Harry has taught marketing for fifteen years and is tenured. Over the past two years, several students have complained to the department chair that Harry talks about his personal life, including his sex life, in class, and encourages students to reciprocate. When the chair mentions this to Harry, he replies that he is teaching students how to “market themselves” by giving examples from his own life. He also mentions that he has “disinhibition disorder” which causes him to make “possibly inappropriate comments” from time to time.
Clem has returned from active military duty and has provided documentation of PTSD. He is taking a required course in political science. He says that he needs to sit in the back of the room where he can see everyone and requests to be exempted from the required group project on because the topic of the group project, “torture as a moral issue,” is “too upsetting” to him. He also has asked to be relieved of the requirement to read one of the required texts about the political climate of the US during the Vietnam War.

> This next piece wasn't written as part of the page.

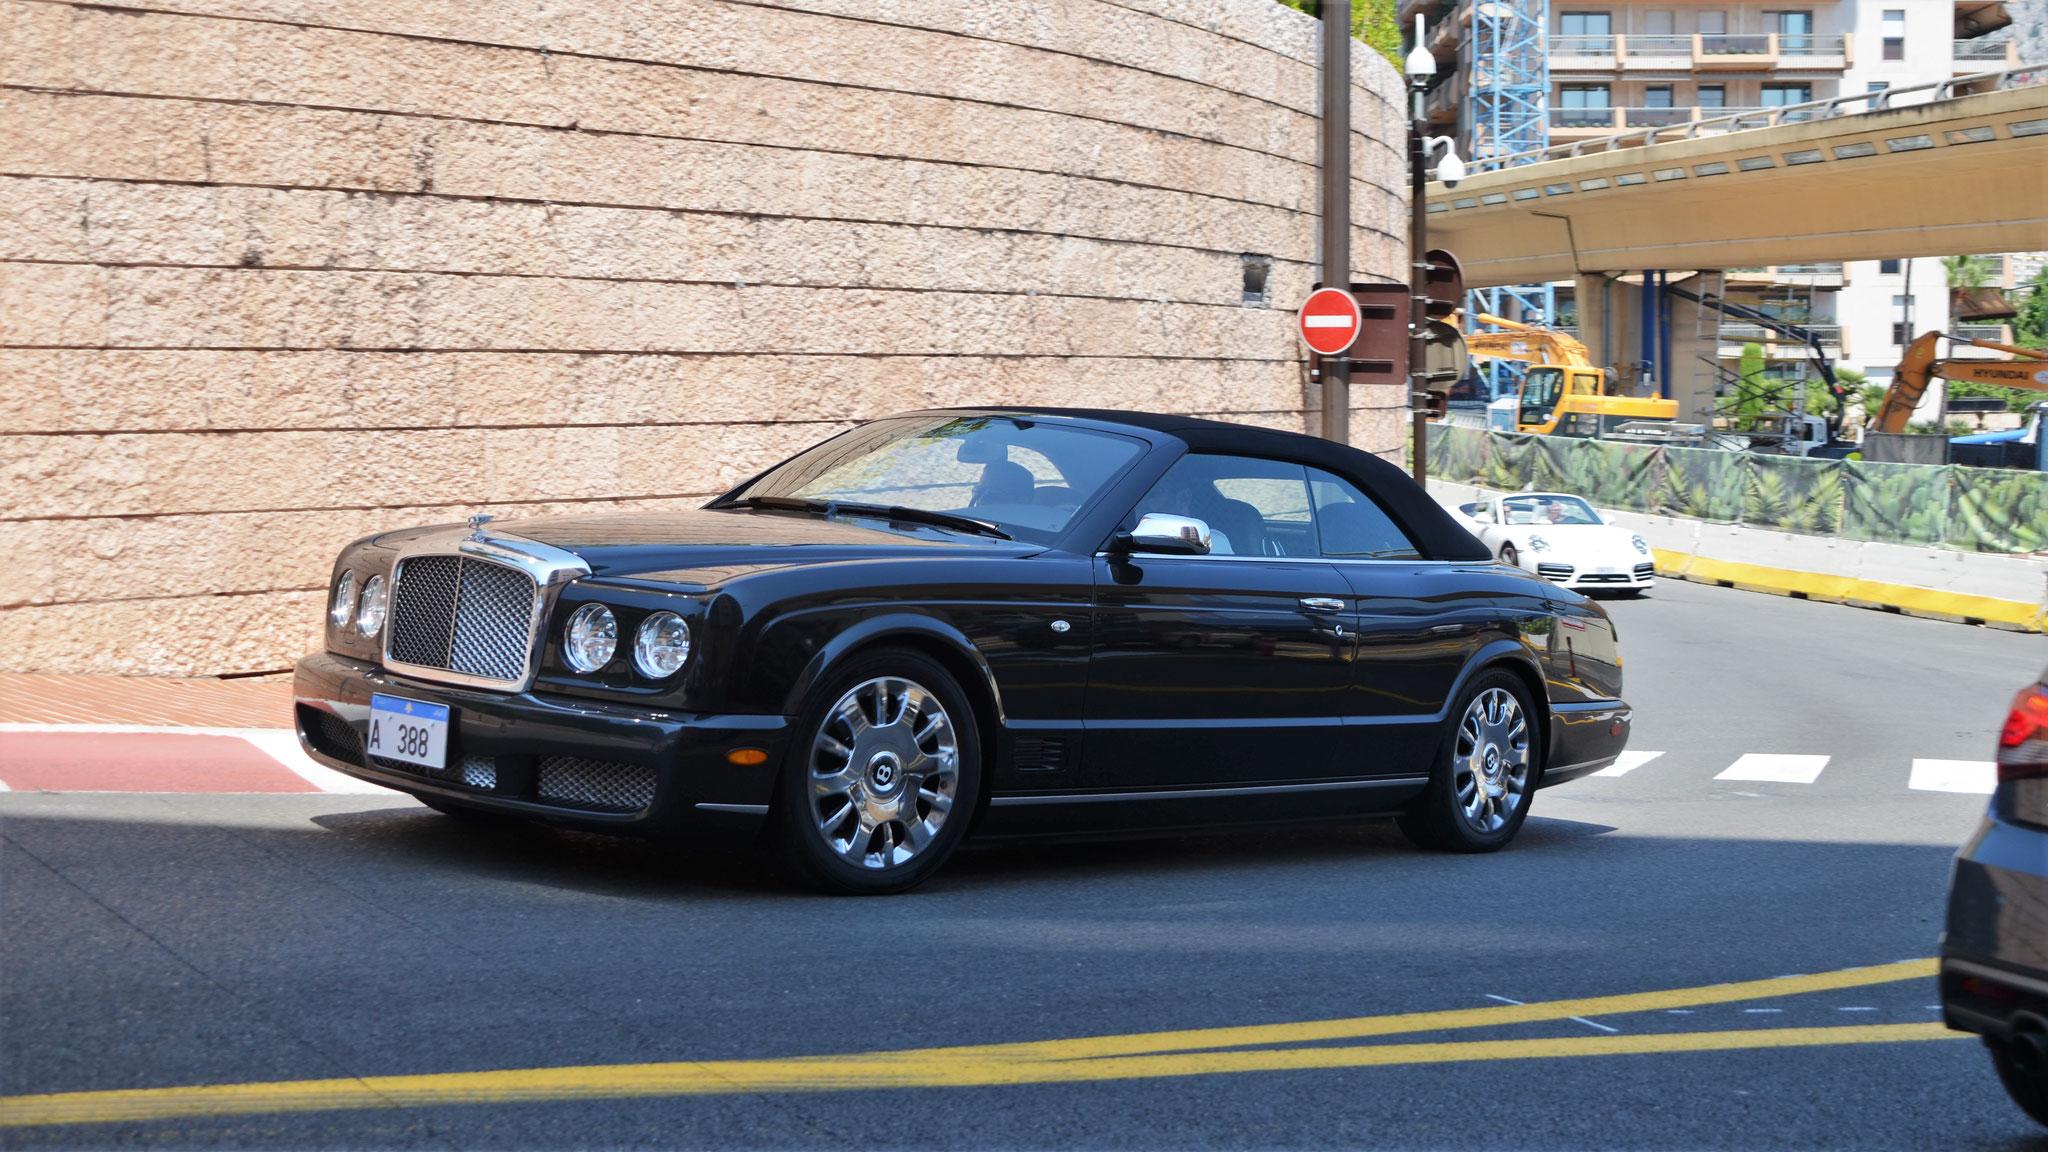 Bentley Azure - A-388 (Arab)

Charlene is doing her required internship during the last semester of her undergraduate program in Social Work at an after school youth center. She is having difficulty getting along with her internship supervisor, who believes that Charlene is not strict enough with the children and is immature herself. After Charlene is asked to leave the internship (required for graduation), she discloses that she has ADHD and asks that she not be required to complete an internship in order to graduate, saying that the internship supervisor was “a bully and very unprofessional.”
Steve is a third-year student majoring in chemistry. He has a documented anxiety disorder and has been allowed to have his dog in the residence hall as a “comfort animal.” Steve has requested that he be allowed to bring the dog to chemistry lab because the lab is 2 ½ hours long and he doesn’t want to leave the dog alone for a lengthy period of time. He says that the dog is well behaved and that he will pay for any damage (which he says is virtually impossible) that the dog might cause.